As an example of the usefulness of the indicator process, I will refer to one of my favourite results in our new book, Modelling Mortality with Actuarial Applications (it is in Section 5.7).  If we model the number of deaths at age $$x$$, denoted by $$d_x$$, given $$E^c_x$$ person-years of exposure to risk, as a Poisson random variable with parameter $$E^c_x \, \mu(x+1/2)$$ (as actuaries often do) we get a likelihood of the form:

$\ell^*(\mu) = - \sum_x E^c_x \, \mu(x+1/2) + \sum_x d_x \, \log(\mu(x+1/2)) \qquad \mbox{(4)}$

where the sums are over all ages $$x$$.  If, however, we model each individual life by proposing that they are subject to the hazard rate $$Y(x) \, \mu(x)$$, we get a likelihood of the form:

$\ell(\mu) = - \sum_i \int_0^{t_i} \mu(x_i+t) \, dt + \sum_i d_i \, \log(\mu(x_i+t_i)) \qquad \mbox{(5)}$

where the sums are over all individual persons, labelled $$i$$, and the entry age $$x_i$$, the exit age $$x_i+t_i$$ and the number of deaths $$d_i$$ (equal to zero or one) are particular to the $$i$$th individual. (These appear as equations (5.25) and (5.26) in our book.)  The second approach is the basic idea of a survival model.  In fact we can show that these two likelihoods are, fundamentally, the same, and the key to the short and elegant proof in our book is the process $$Y(x)$$ defined above. The proof also shows that equation (5) is exact and (4) is an approximation to it.

This is truly remarkable. The assumption underlying the survival model, and the likelihood in equation (5), is as bare-bones as can be: at age $$x$$ the hazard rate is $$Y(x) \, \mu(x)$$.  No collecting together of all lives of the same age, no random variable, no assumption of any distribution.  Yet we get, essentially, a Poisson likelihood.  What this tells us is that the bare-bones assumption underlying the survival model is deeply fundamental.

• As we saw in a previous blog, if the hazard rate is $$\mu(x)$$ we get a Poisson process (from which the Poisson random variables underlying the likelihood in equation (4) ultimately derive).
• If the hazard rate is $$Y(x) \, \mu(x)$$ we get a process that jumps at most once, but is subject to left-truncation and right-censoring; again, a plausible model of real survival data.

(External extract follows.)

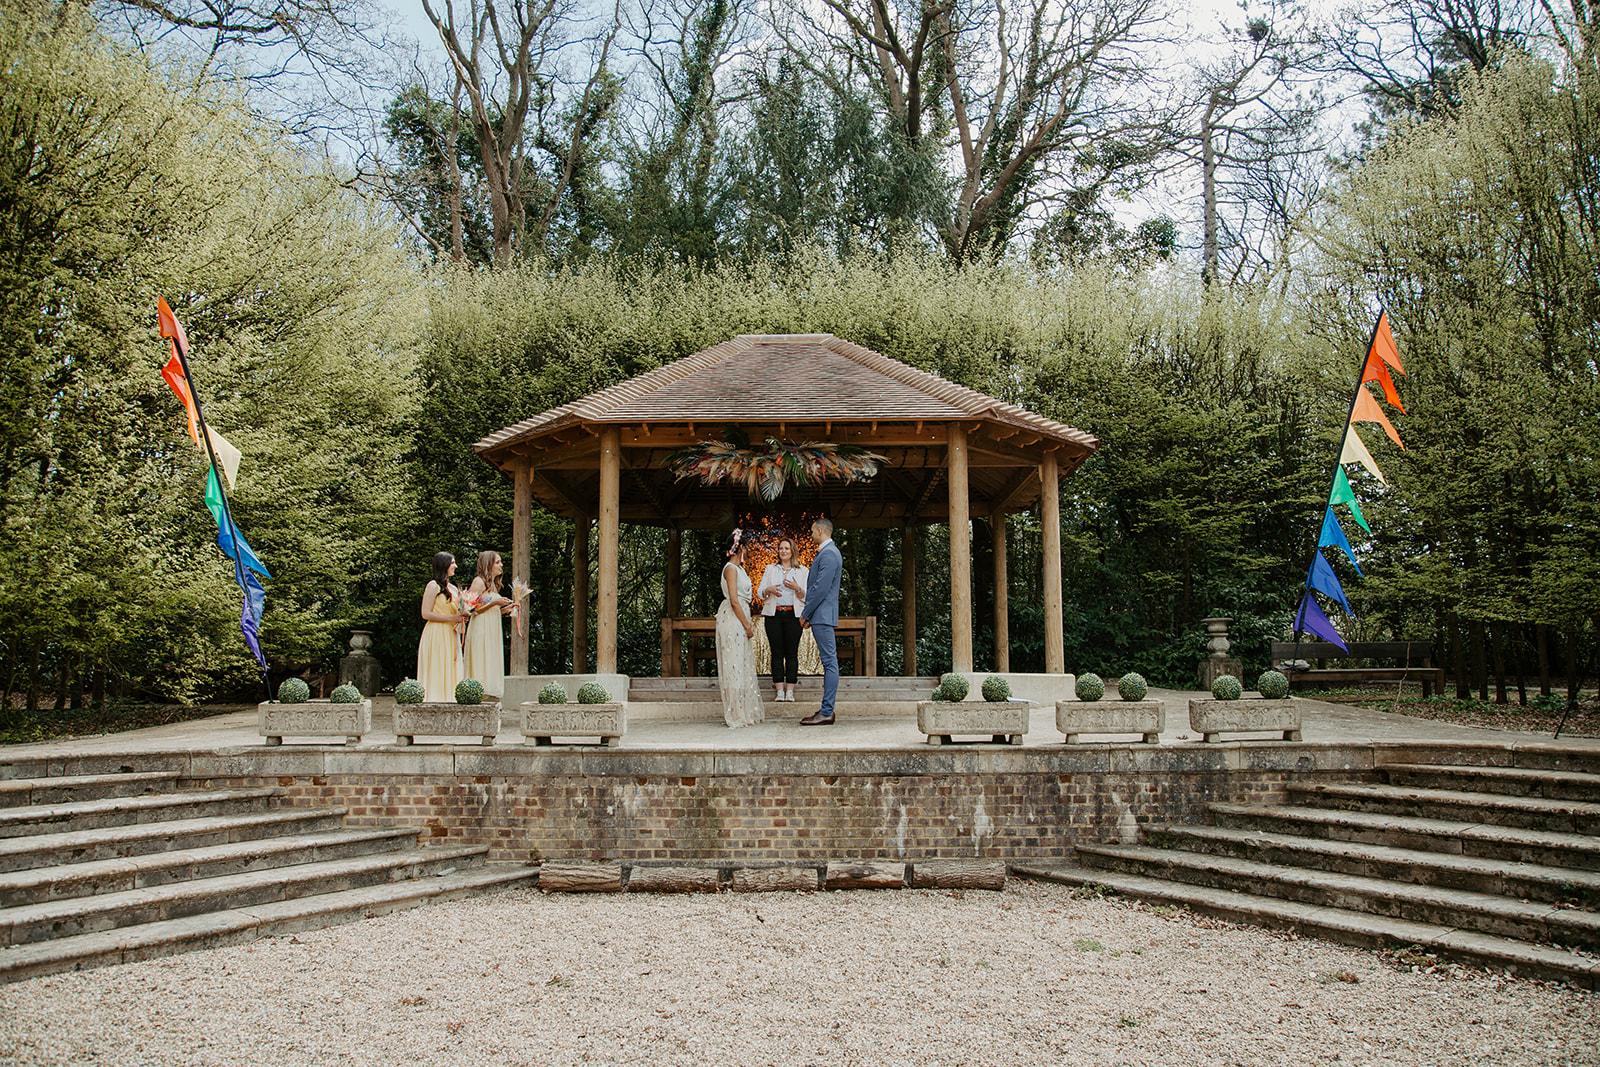 drive in wedding - camper van wedding - outdoor wedding ceremony - celebrant wedding ceremony - small wedding ceremony

And so we end up with things that look Poisson — another recurring feature of these blogs and, like the modified Poisson process itself, a good place to stop.

References

Dickson, D.C.M., Hardy, M.R. and Waters, H.R. (2013). Actuarial Mathematics for Life Contingent Risks (second edition). Cambridge University Press.

Macdonald, A.S., Richards. S.J. and Currie, I.D. (2018). Modelling Mortality with Actuarial Applications. Cambridge University Press.